- [REQUIRED WORK]: In the records that follow, find each line with the word "Images" and copy it.

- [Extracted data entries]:
^^^^^^^^
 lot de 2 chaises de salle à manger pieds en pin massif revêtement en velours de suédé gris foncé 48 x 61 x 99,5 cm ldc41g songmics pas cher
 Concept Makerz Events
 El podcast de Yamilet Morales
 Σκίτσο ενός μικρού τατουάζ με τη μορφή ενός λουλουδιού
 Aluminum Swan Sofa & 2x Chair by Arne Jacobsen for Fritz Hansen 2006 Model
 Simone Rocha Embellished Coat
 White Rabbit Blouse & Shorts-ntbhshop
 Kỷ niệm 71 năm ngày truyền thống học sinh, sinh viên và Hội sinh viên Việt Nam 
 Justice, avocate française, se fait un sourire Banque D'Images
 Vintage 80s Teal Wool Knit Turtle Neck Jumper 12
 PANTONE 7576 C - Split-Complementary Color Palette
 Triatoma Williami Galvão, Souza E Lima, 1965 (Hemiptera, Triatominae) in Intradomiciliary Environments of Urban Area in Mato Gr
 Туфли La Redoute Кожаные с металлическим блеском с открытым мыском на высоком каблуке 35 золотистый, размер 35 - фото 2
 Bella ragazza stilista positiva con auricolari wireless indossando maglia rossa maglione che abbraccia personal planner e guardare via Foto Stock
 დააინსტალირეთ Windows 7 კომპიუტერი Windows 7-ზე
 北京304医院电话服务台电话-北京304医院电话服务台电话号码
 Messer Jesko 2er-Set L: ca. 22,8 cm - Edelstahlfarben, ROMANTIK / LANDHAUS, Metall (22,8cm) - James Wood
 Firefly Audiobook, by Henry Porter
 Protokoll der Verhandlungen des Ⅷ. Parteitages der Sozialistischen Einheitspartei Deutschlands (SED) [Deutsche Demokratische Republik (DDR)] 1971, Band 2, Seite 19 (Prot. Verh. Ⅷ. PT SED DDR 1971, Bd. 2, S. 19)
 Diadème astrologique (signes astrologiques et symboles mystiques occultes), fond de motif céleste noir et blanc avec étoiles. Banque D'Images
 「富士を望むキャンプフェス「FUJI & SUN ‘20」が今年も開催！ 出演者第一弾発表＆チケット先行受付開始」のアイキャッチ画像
^^^^^^^^
- [RESULT OF THE TASK]:
 Justice, avocate française, se fait un sourire Banque D'Images
 Diadème astrologique (signes astrologiques et symboles mystiques occultes), fond de motif céleste noir et blanc avec étoiles. Banque D'Images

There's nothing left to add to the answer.